Люба у буфета отвернулась к полкам и стояла к нам спиной, очень прямо. Я дал тишине улечься, потом сказал:

— Маргарита Захаровна, теперь один вопрос, и мне нужен на него честный ответ, а не тот, который вам хочется дать. У меня есть возможность попробовать разобраться в этом деле. Есть знакомства, есть опыт по части артефактов, побольше, чем у вашего адвоката. Но прежде чем я пальцем шевельну, я должен знать, что помогаю невиновному. Не жене невиновного, а невиновному. Мужья, случается, скрывают от жен многое, причем как раз ради семьи. Подумайте, прежде чем ответить. Вы уверены в нем? Не верите, а уверены?

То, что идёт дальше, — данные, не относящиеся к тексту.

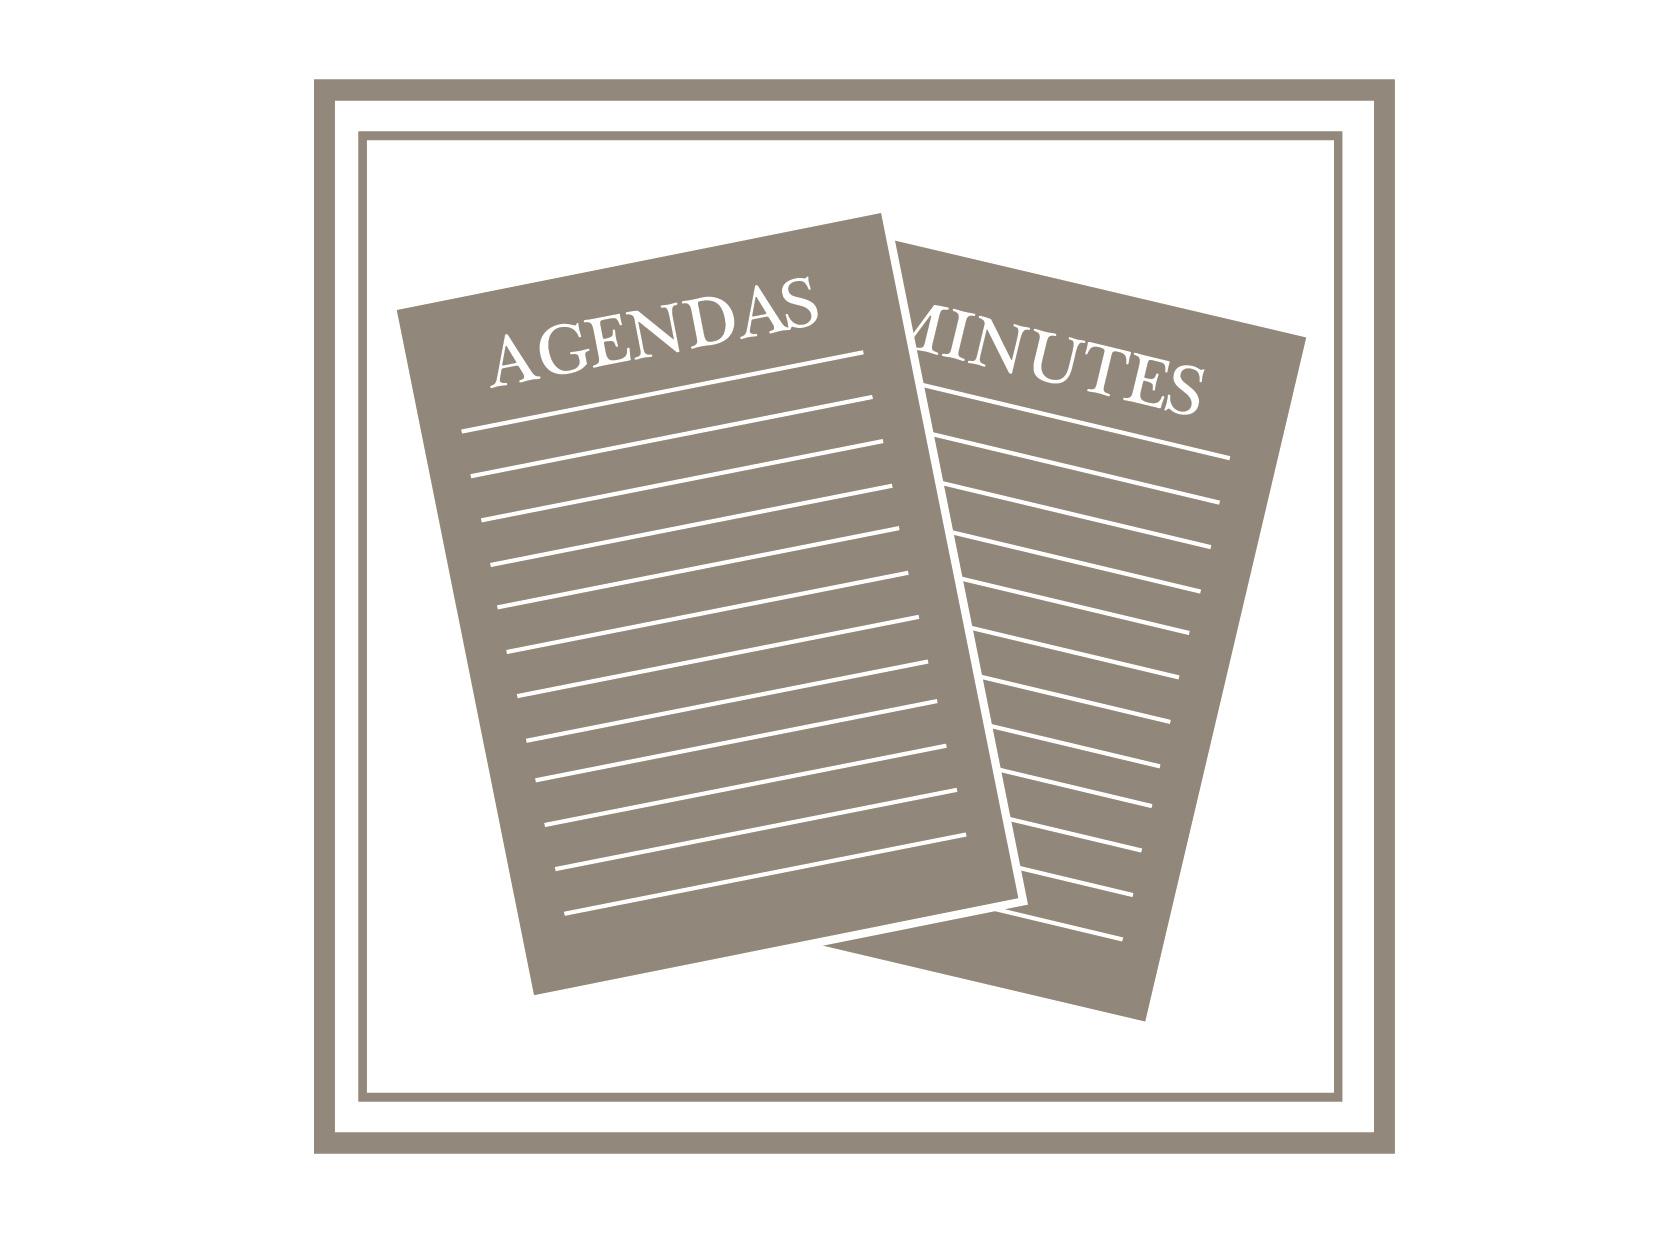 agendas minutes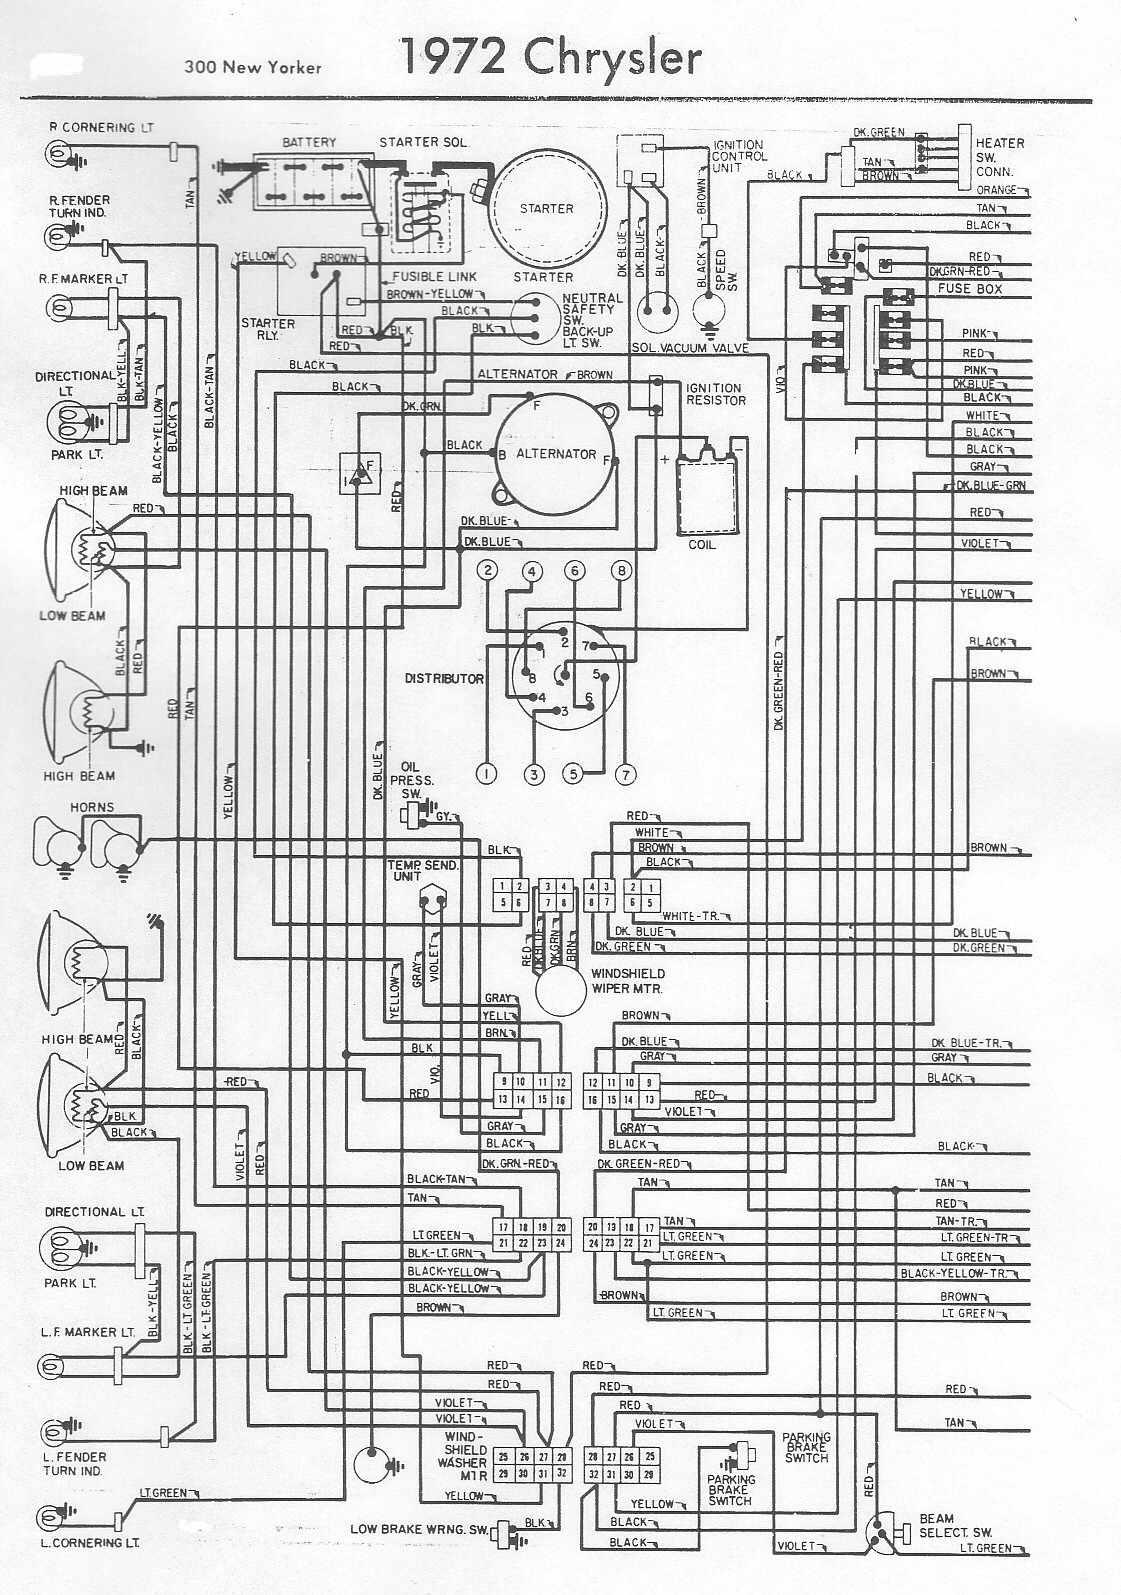 small resolution of 2002 cadillac deville wiring harness wiring library2000 cadillac eldorado electrical diagrams schematics wiring 2002 cadillac eldorado

Она не отвела глаз. Смотрела на меня долго, и в этом взгляде не было ни обиды на вопрос, ни поспешности.

— Я вам не клясться буду, — сказала она. — Я вам расскажу, какой он, а вы сами решайте. Степа у меня честный до убытка. Это не похвала, это диагноз, я с этим тридцать лет живу. В прошлом годе привезли нам осетрину, и ему запах не глянулся. Всем глянулся, мне глянулся, а ему нет. Так он не только партию завернул, он вечером обошел столы и вернул деньги троим гостям, которые накануне уху ели. Никто не жаловался! Ни один! А он вернул: вдруг, говорит, вчерашняя была из той же бочки. Мы на этом выручку потеряли. Или счета возьмите: если гость спорит, Степа всегда решает в пользу гостя, даже когда гость передергивает, и оба это знают. Я ругаюсь, а он мне: Рита, копейка спорная дом не построит, а худая слава его разберет. И вот мне теперь рассказывают, что этот человек купил дурман, чтобы вытягивать из людей лишний рубль! — Она развела руками, тяжелыми, красными от кухни. — Уверена ли я? Я в себе так не уверена, как в нем.

[Не врет, уверена.]

Я и сам это видел. Женщина, сочиняющая мужу оправдание, рассказывала бы о его благородстве. Эта рассказывала о потерянной выручке и о том, как ругалась с ним из-за этого.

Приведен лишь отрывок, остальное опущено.